- Poster
- Directed by: A. L. Abanindran
- Written by: A. L. Abanindran
- Produced by: Devanshu Arya Vachan Shetty Ravi Varman
- Starring: Praveen Kumar Sanam Shetty Shalini Vadnikatti
- Cinematography: Sarangarajan
- Edited by: Anthony
- Music by: Joshua Sridhar Timothy Madhukar
- Production company: Ignite Films
- Distributed by: Kalaipuli International
- Release date: 24 December 2015;
- Running time: 127 minutes
- Country: India
- Language: Tamil

= Vellaiya Irukiravan Poi Solla Maatan =

2015 Indian film by A. L. Abanindran

Vellaiya Irukiravan Poi Solla Maatan is a 2015 Tamil language comedy film written and directed by newcomer A. L. Abanindran.
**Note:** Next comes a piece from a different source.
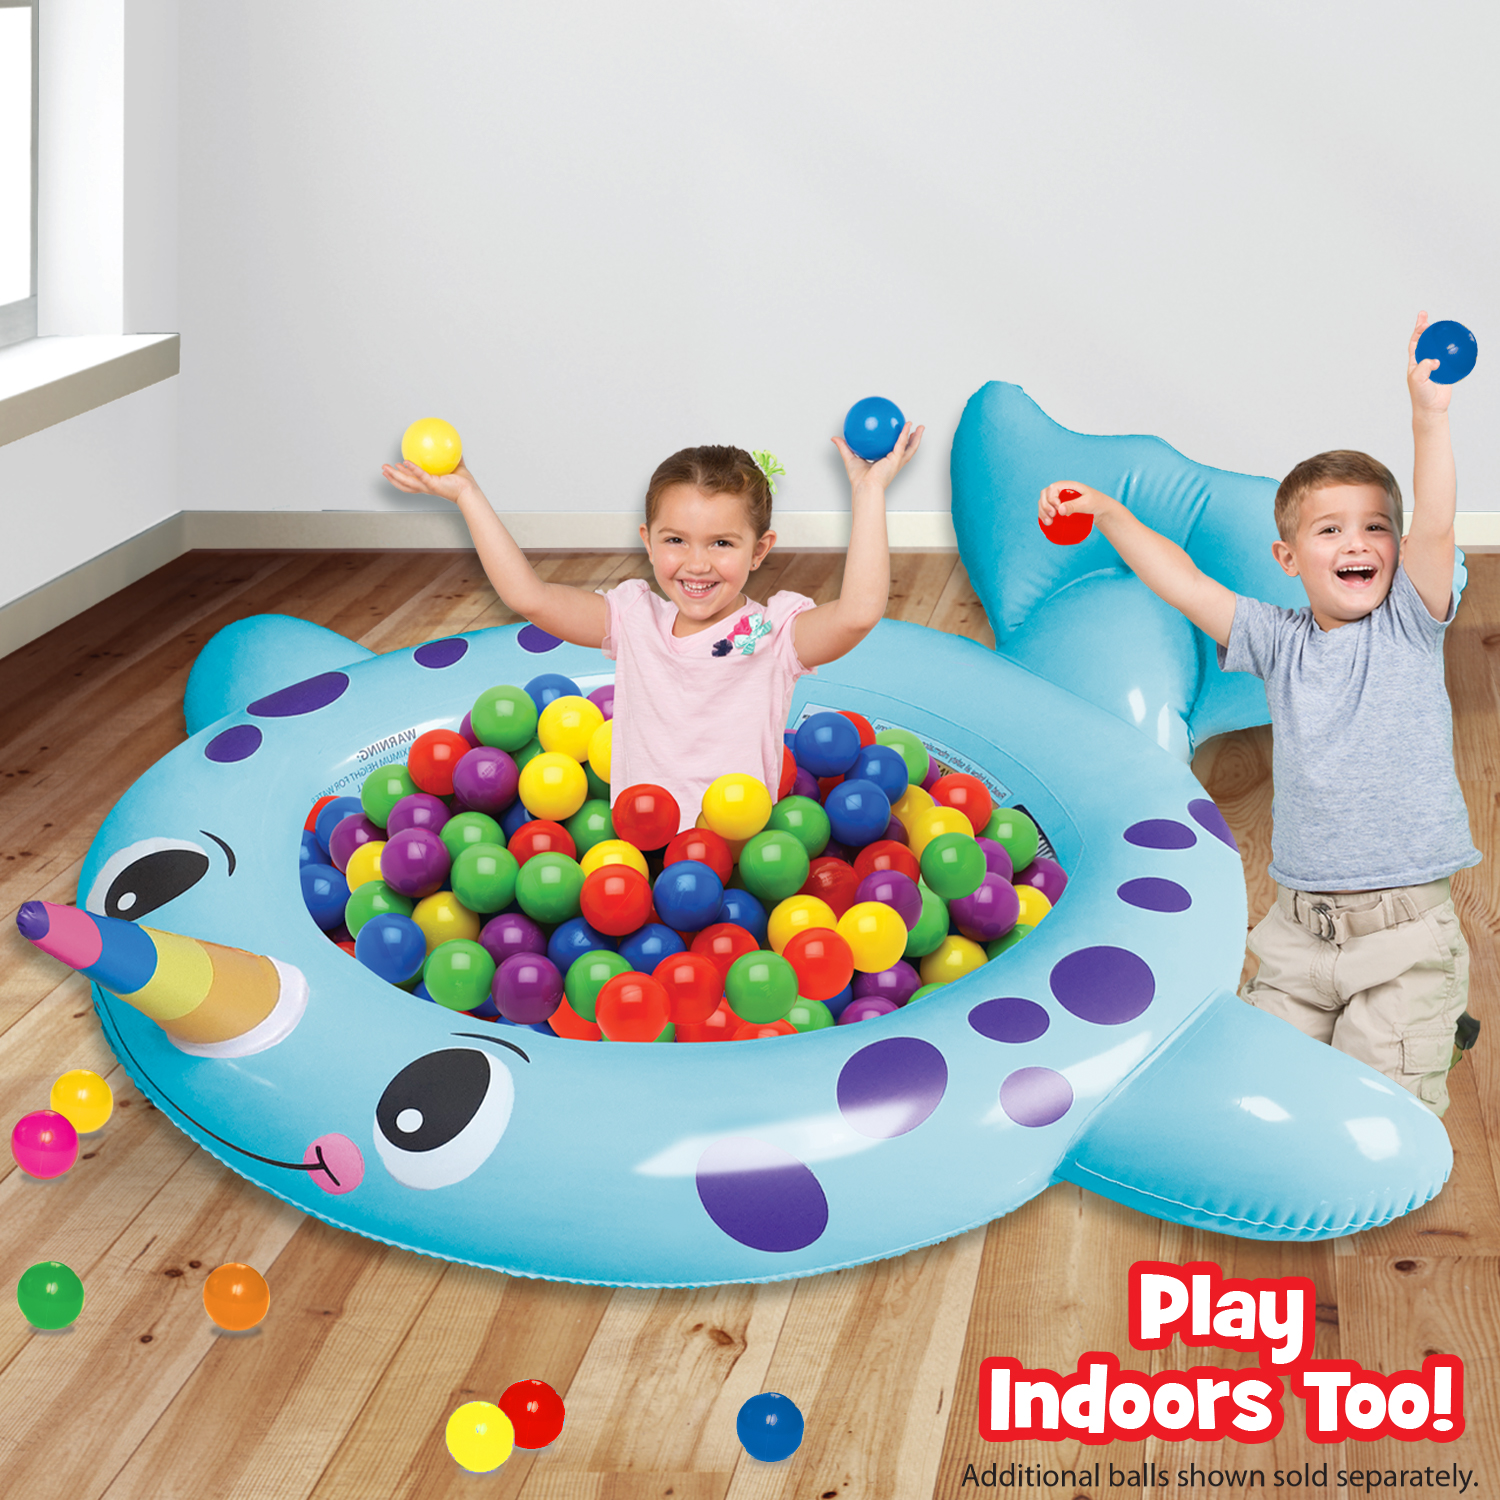 Little Tikes Narwhal 2 in1 Play Center, Ball Pit Round Splash Area, Kids 2-6 Years Old - image 4 of 5

The film features an ensemble cast of Praveen Kumar, Sanam Shetty, Shalini Vadnikatti, Bala Saravanan, Aruldoss, Jayaprakash, Karthik Kumar, and Aadukalam Naren. The film released on 24 December 2015.

== Plot ==
Karthik is an IT professional in dire need of money for his father Ramalingam's cancer treatment. Finding no other way, he resorts to blackmail as a means of acquiring the necessary funds. It eventually leads him all the way to blackmailing a prominent politician.

== Cast ==

- Praveen Kumar as Karthik
- Sanam Shetty as Aruna
- Shalini Vadnikatti as Pooja
- Karthik Kumar as Dr. Raghu
- Bala Saravanan as Mani
- Jayaprakash as Ramalingam, Karthik's father
- Aadukalam Naren as Periyavar
- Aruldoss as Rajagopal
- T. M. Karthik as Sharma
- Five Star Krishna as Varma
- M. J. Shriram as Pradeep Kumar IAS
- K. S. G. Venkatesh as Lawyer Krishnamoorthy
- Poo Ramu as Pandian
- Supergood Subramani as Selvarathnam
- Natarajan (Nat Narayanasamy) as Periyavar's advisor
- Gnanavel as Shanmugam
- Pazhani as Thiruvengadam
- Ilankainathan as Gnanam
- Raja Rishi as Subbaiah
- Aroul D. Shankar as Prakash

== Production ==
The project was announced by Devanshu Arya of Ignite Films and director Abanindran in late 2014, and marked the director's feature film debut after he and Devanshu Arya had previously assisted during the making of Rajiv Menon's Minsara Kanavu (1997) and Kandukondain Kandukondain (2000). The film stars newcomer Praveen Kumar, who played a supporting role in Kalyana Samayal Saadham (2013) in the lead role alongside Shalini Vadnikatti, a model from Hyderabad. Abanindran had worked with Praveen Kumar and the producers, Ignite Films, before, when the trio worked on the television serial, Dharmayutham for Vijay TV during 2012. Cinematographer Ravi Varman also worked as a co-producer for the film, marking his maiden production. The ensemble cast was also revealed to feature Sanam Shetty, Karthik Kumar, Aadukalam Naren, Jayaprakash and Bala Saravanan, while Anthony was announced as the film's editor. The film was named after a dialogue spoken by Vadivelu in the film Aarya (2007).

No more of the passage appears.